START PROVIDED DATA

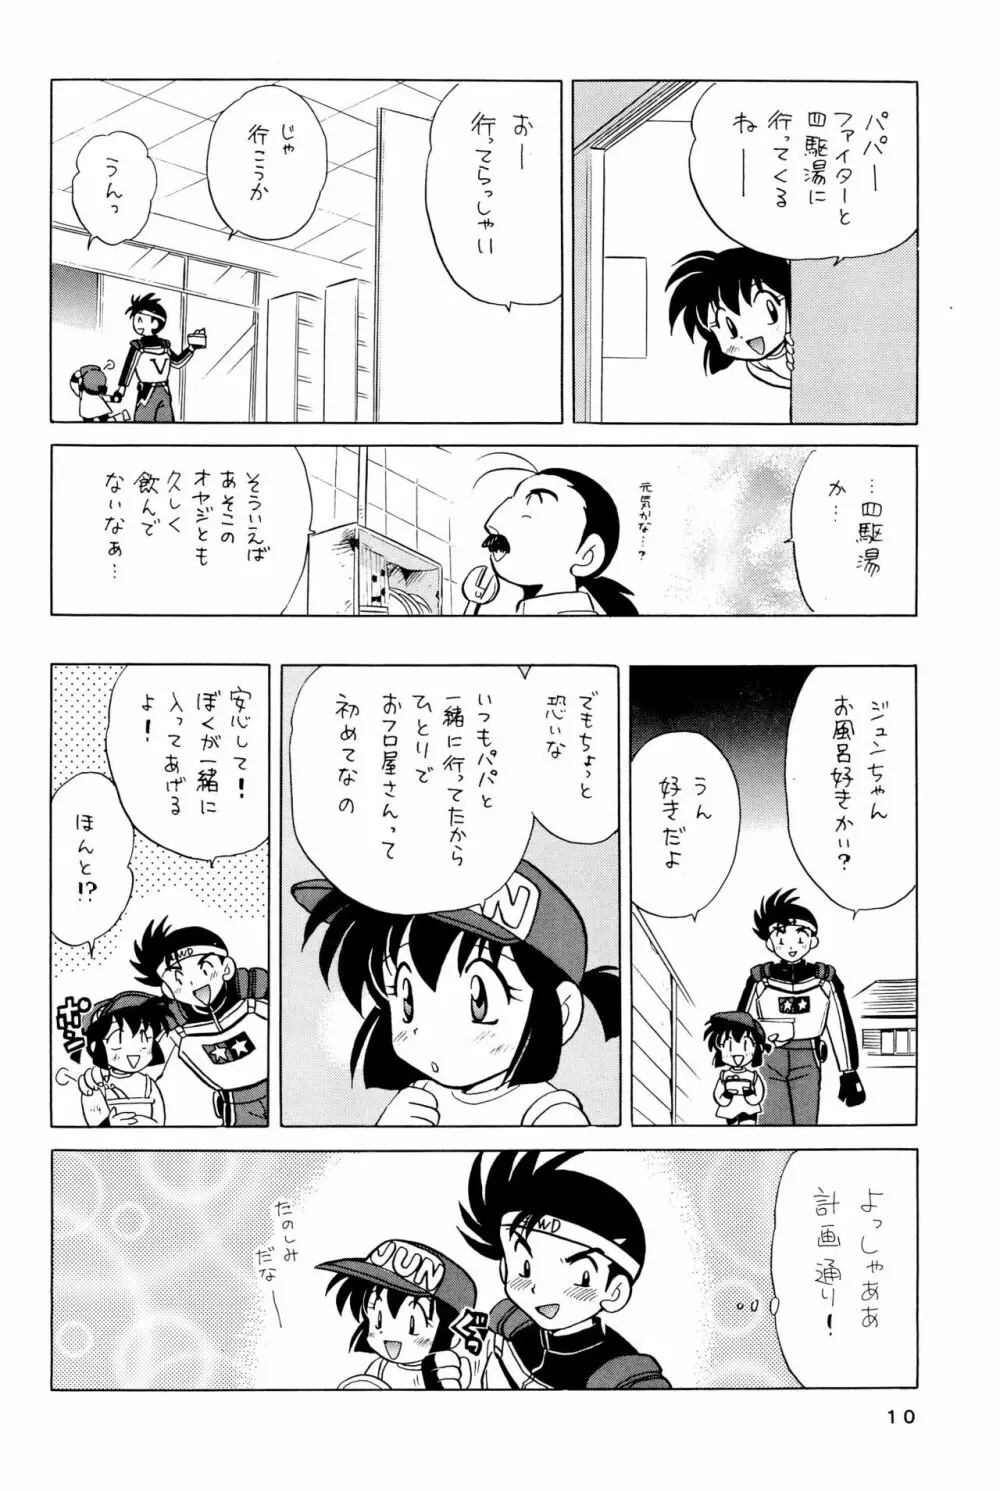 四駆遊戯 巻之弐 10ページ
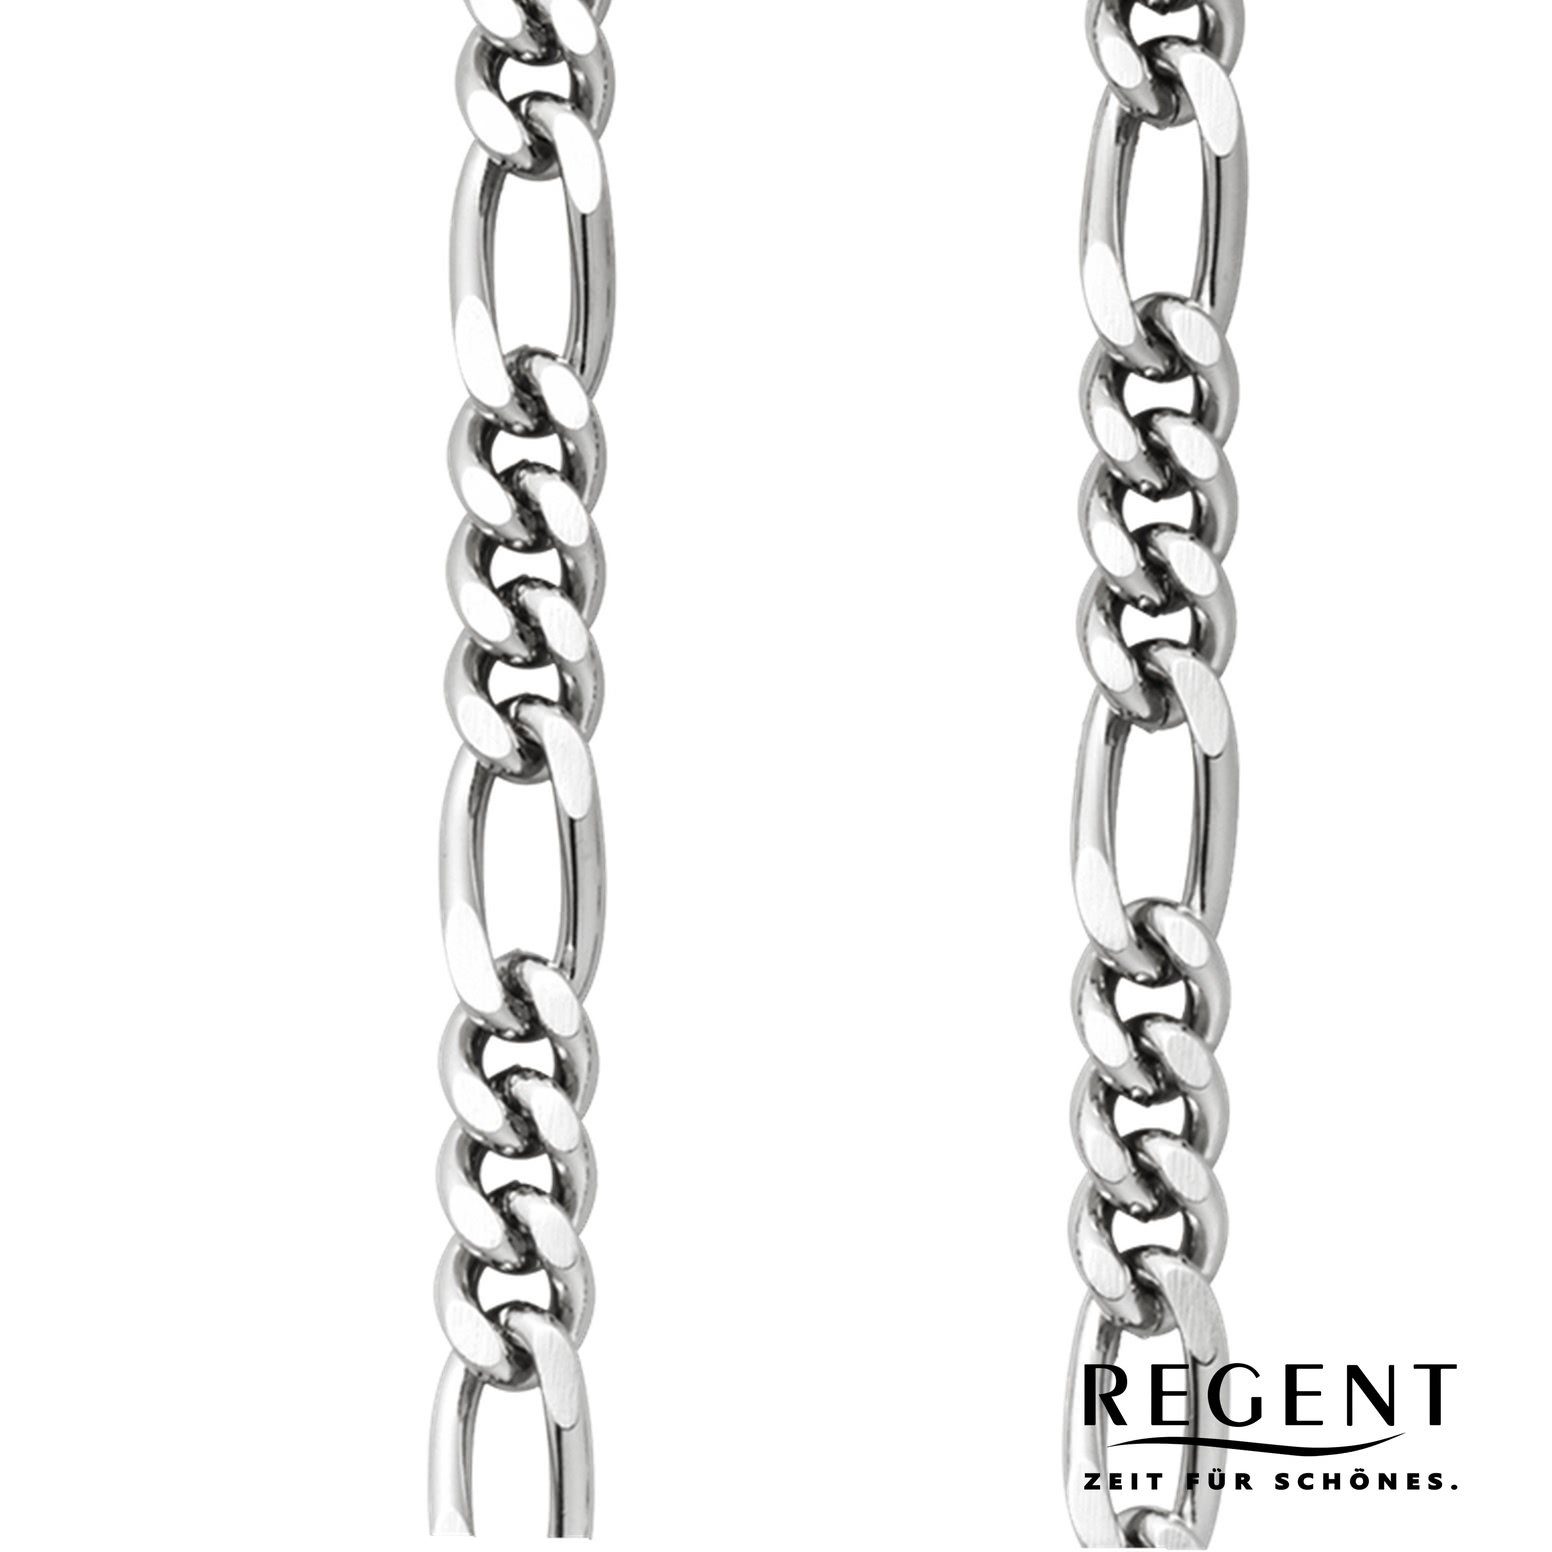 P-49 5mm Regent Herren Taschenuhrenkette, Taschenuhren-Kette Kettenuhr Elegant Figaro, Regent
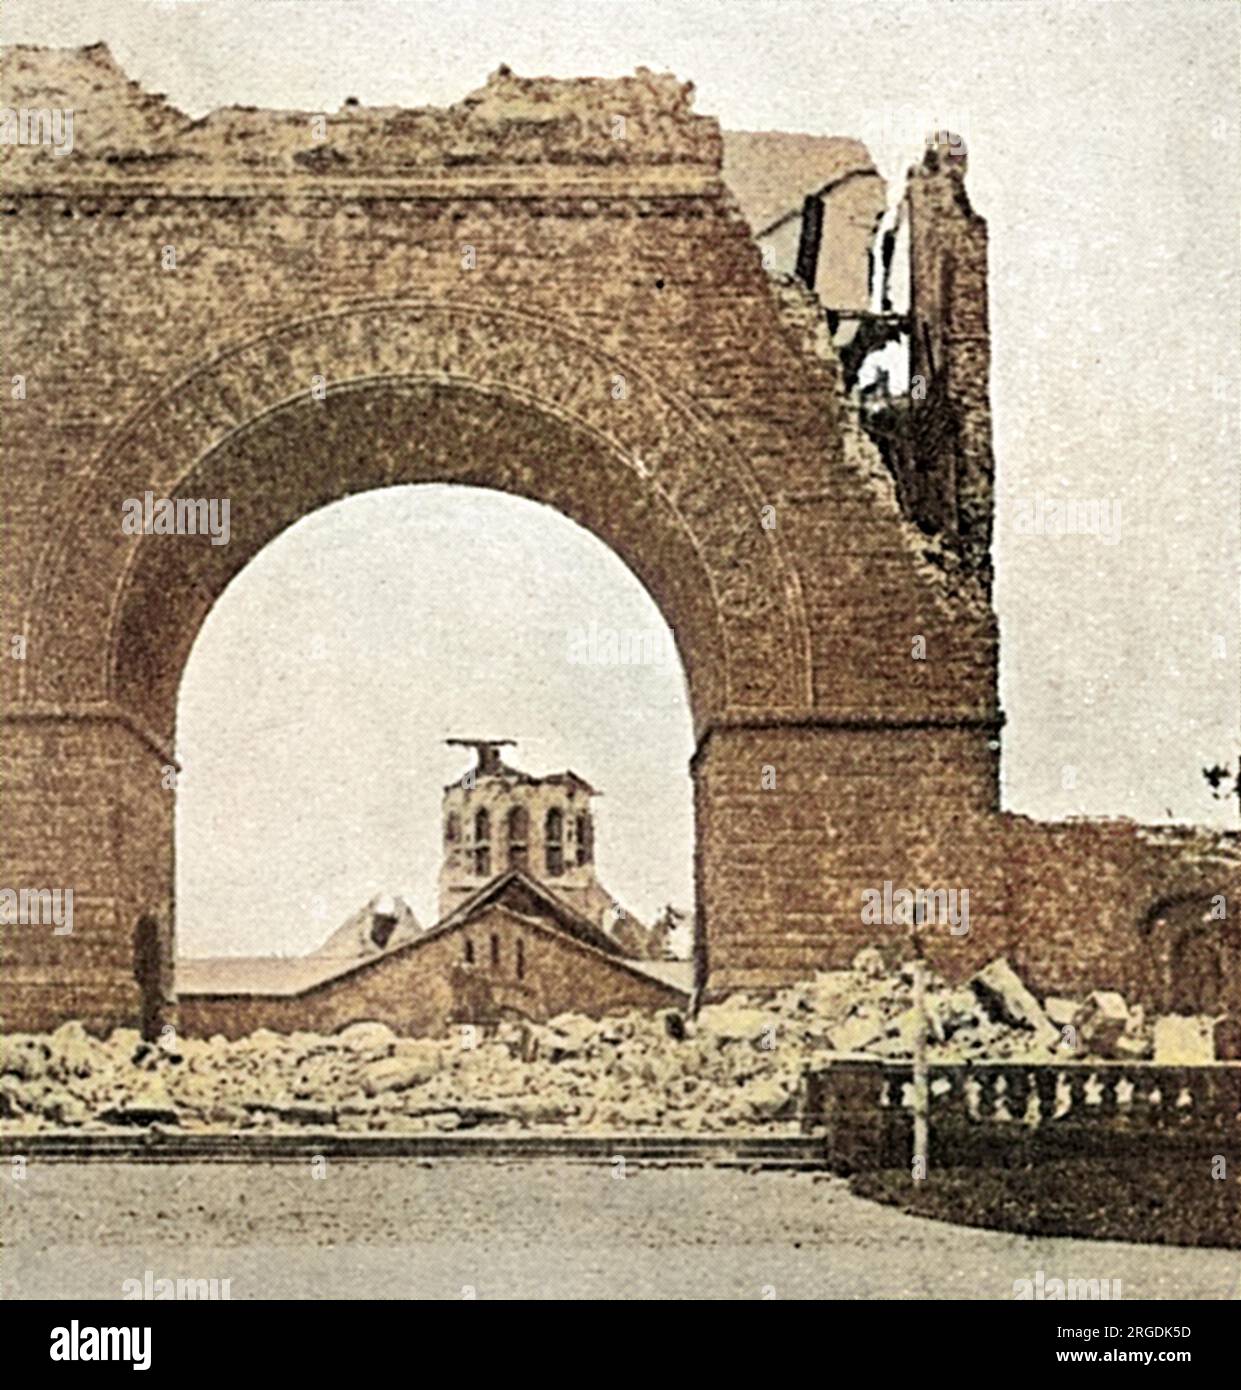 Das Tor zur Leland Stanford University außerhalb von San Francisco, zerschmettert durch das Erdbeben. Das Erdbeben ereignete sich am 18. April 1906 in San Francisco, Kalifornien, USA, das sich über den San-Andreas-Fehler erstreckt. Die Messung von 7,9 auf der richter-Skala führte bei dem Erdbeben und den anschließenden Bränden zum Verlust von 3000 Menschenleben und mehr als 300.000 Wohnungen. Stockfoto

END PROVIDED DATA

● **WHAT YOU HAVE TO DO**:
All of the data above should be printed again exactly, though none of the pictures belong in the copy.

● **TASK SOLUTION**:
 四駆遊戯 巻之弐 10ページ
 P-49 5mm Regent Herren Taschenuhrenkette, Taschenuhren-Kette Kettenuhr Elegant Figaro, Regent
 Das Tor zur Leland Stanford University außerhalb von San Francisco, zerschmettert durch das Erdbeben. Das Erdbeben ereignete sich am 18. April 1906 in San Francisco, Kalifornien, USA, das sich über den San-Andreas-Fehler erstreckt. Die Messung von 7,9 auf der richter-Skala führte bei dem Erdbeben und den anschließenden Bränden zum Verlust von 3000 Menschenleben und mehr als 300.000 Wohnungen. Stockfoto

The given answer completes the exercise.